Title: How Many are Non-Gamers?
Post by: 3rik on May 12, 2014, 07:28:17 AM
Another "non-gamer" here. I'm in two groups, one of which I'm almost always the GM for, both of which game very irregularly. I also tend to spend a lot of time in prep limbo...
Title: How Many are Non-Gamers?
Post by: Greentongue on May 12, 2014, 07:59:08 AM
Since it seems that the only game I can get people to play regularly doesn't count (Magic the Gathering EDH) and I'm letting the frustration of trying to run yet another PbP game fade a little, I'm in the "non-Gamer" camp too.
=
Title: How Many are Non-Gamers?
Post by: RandallS on May 12, 2014, 08:21:37 AM
My gaming came to a sudden halt when my mother-in-law suddenly passed away. As her house needs to be remodeled before it can be sold, we are now at her house -- 2+ hours drive from the 9 players in my game. One of the players has taken it over as temporary GM, but it will be sometime in July before I am back there for more than a few hours at a time -- and that's if my wife doesn't decide to trade houses once the remodel is done.  Either way, I doubt there will any type of actual gaming for me until August or September. :(
Title: How Many are Non-Gamers?
Post by: K Peterson on May 12, 2014, 08:21:51 AM
It is a rather weird definition of "non-gamer".

I'd count as a gamer. I've been in a weekly group since 2010, and had a prior weekly group from 2007 to 2010.
Title: How Many are Non-Gamers?
Post by: Ladybird on May 12, 2014, 08:30:15 AM
One weekly game and two roughly-monthly campaigns, so... regular, like.
Title: How Many are Non-Gamers?
Post by: Necrozius on May 12, 2014, 08:33:45 AM
I'm about to start GM'ing new campaign this Friday. So freakin' excited.

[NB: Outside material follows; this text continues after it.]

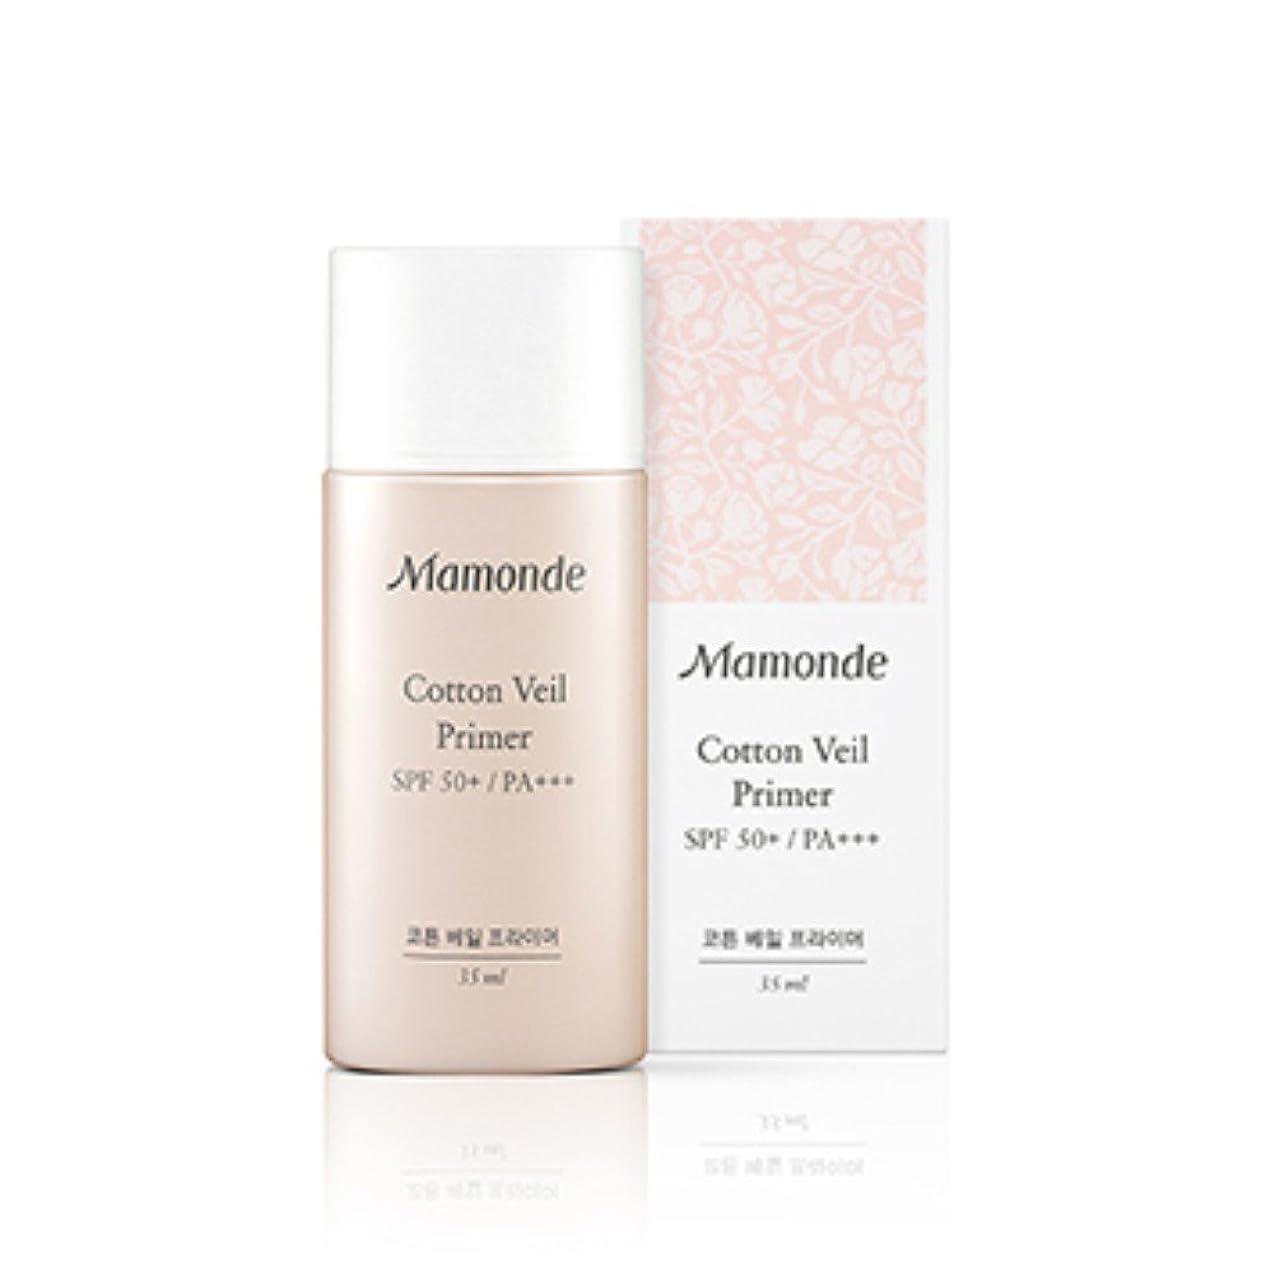 ドリル比類のない給料[New] Mamonde Cotton Veil Primer (SPF50+ PA+++) 35ml/マモンド コットン ベール プライマー (SPF50+ PA+++) 35ml (#2 Beige Rose) [並行輸入品]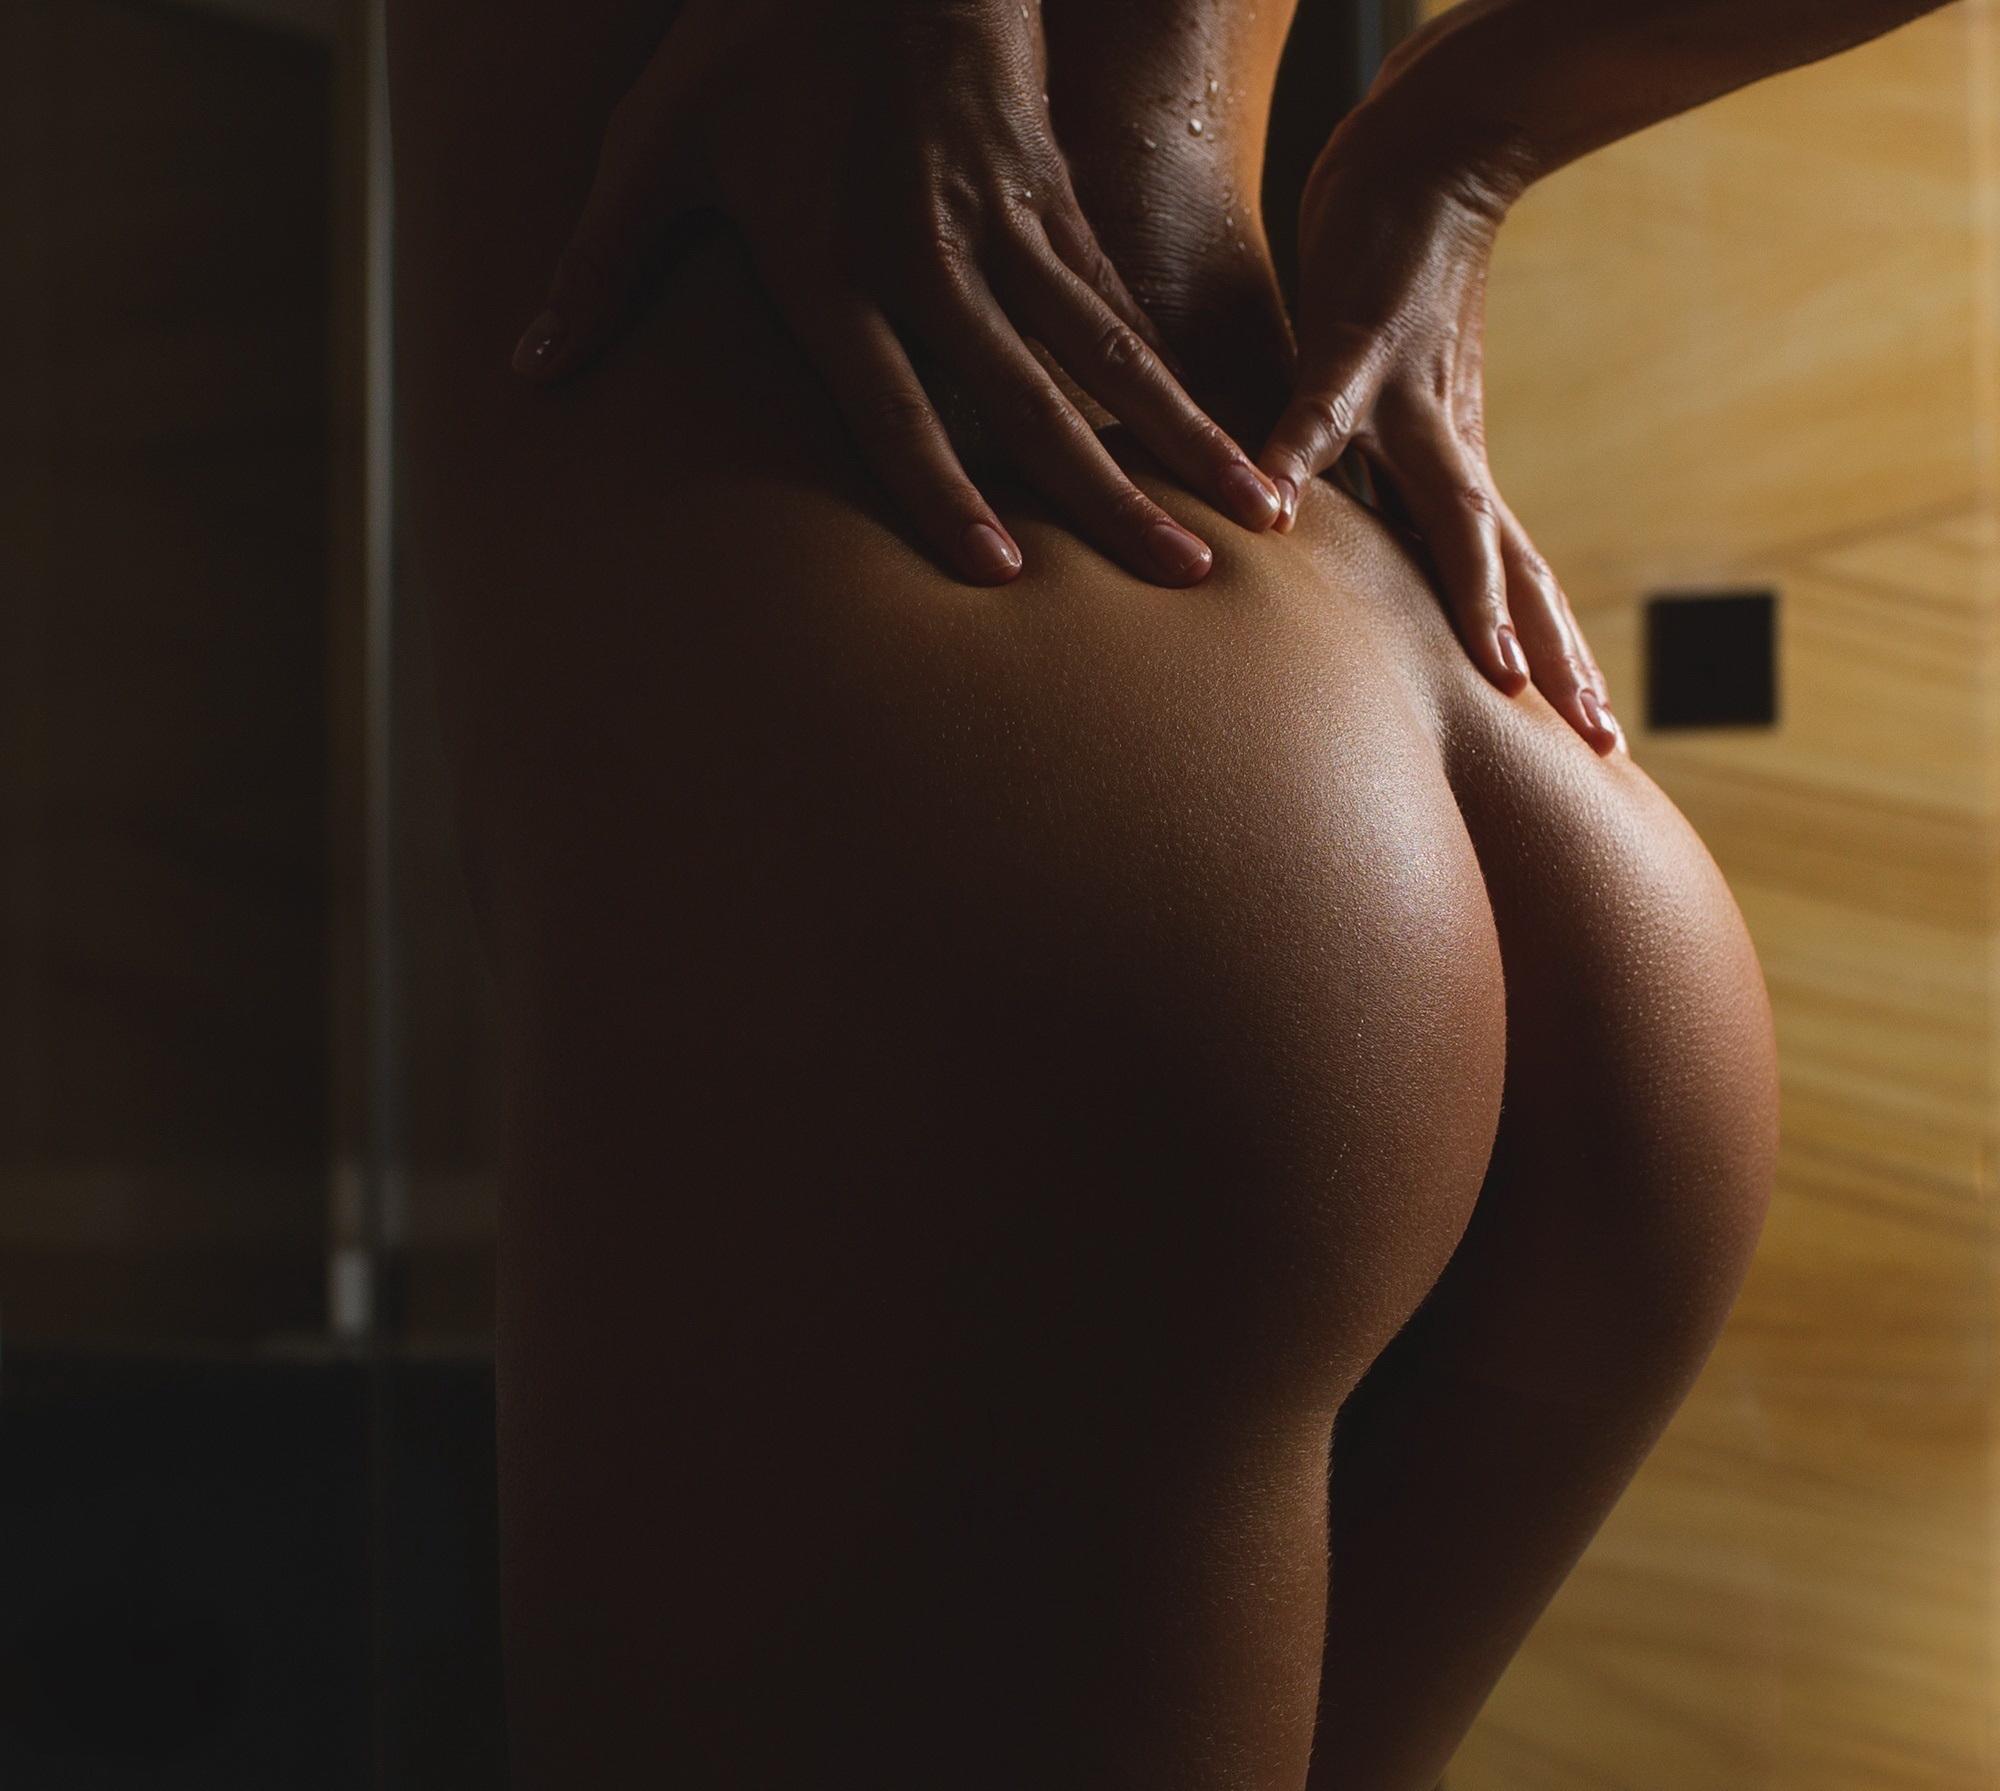 Картинки Фото Голых Девушек Красивых Сзади Попы

However I have not played since late March because of a grotesque campaign crash and burn which basically involved me telling my regular gaming group of 10 years to fuck off and stop wasting my time. I was at fault too, but these people caused me so much stress and frustration over the years. Since I severed, I've never felt better.

My new players are awesome people who actually act like adults* (most of them have responsibilities beyond struggling to choose between which 40K army to paint first). And they're much more laid back and never use the expression "my character's INTEGRITY" or "I don't care: that's what my CHARACTER would do". :banghead:

* the irony of this statement is not lost on me: I realize that packing up my things and leaving the game table in a huff is pretty juvenile, but I feel better now so whatever
Title: How Many are Non-Gamers?
Post by: Exploderwizard on May 12, 2014, 08:58:32 AM
Gaming pretty regularly. Playing in 4E D&D campaign every other Friday, running GURPS fantasy on alternate Fridays and playing AD&D or running OD&D( we swap campaigns every few months) every Tuesday at the FLGS.
Title: How Many are Non-Gamers?
Post by: soltakss on May 12, 2014, 09:34:39 AM
I play weekly, so I count as a gamer.

I know a lot of people who play at lads weekends, or at conventions, but don;t have a regular group. They consider themselves as gamers, but only play 3 or 4 times a year.
Title: How Many are Non-Gamers?
Post by: Silverlion on May 12, 2014, 10:02:30 AM
About two months back I had a month long break due to scheduling issues, but it seems mostly sorted out for now.
Title: How Many are Non-Gamers?
Post by: ggroy on May 12, 2014, 10:29:30 AM
By pundit's definition, I would presently be a non-gamer.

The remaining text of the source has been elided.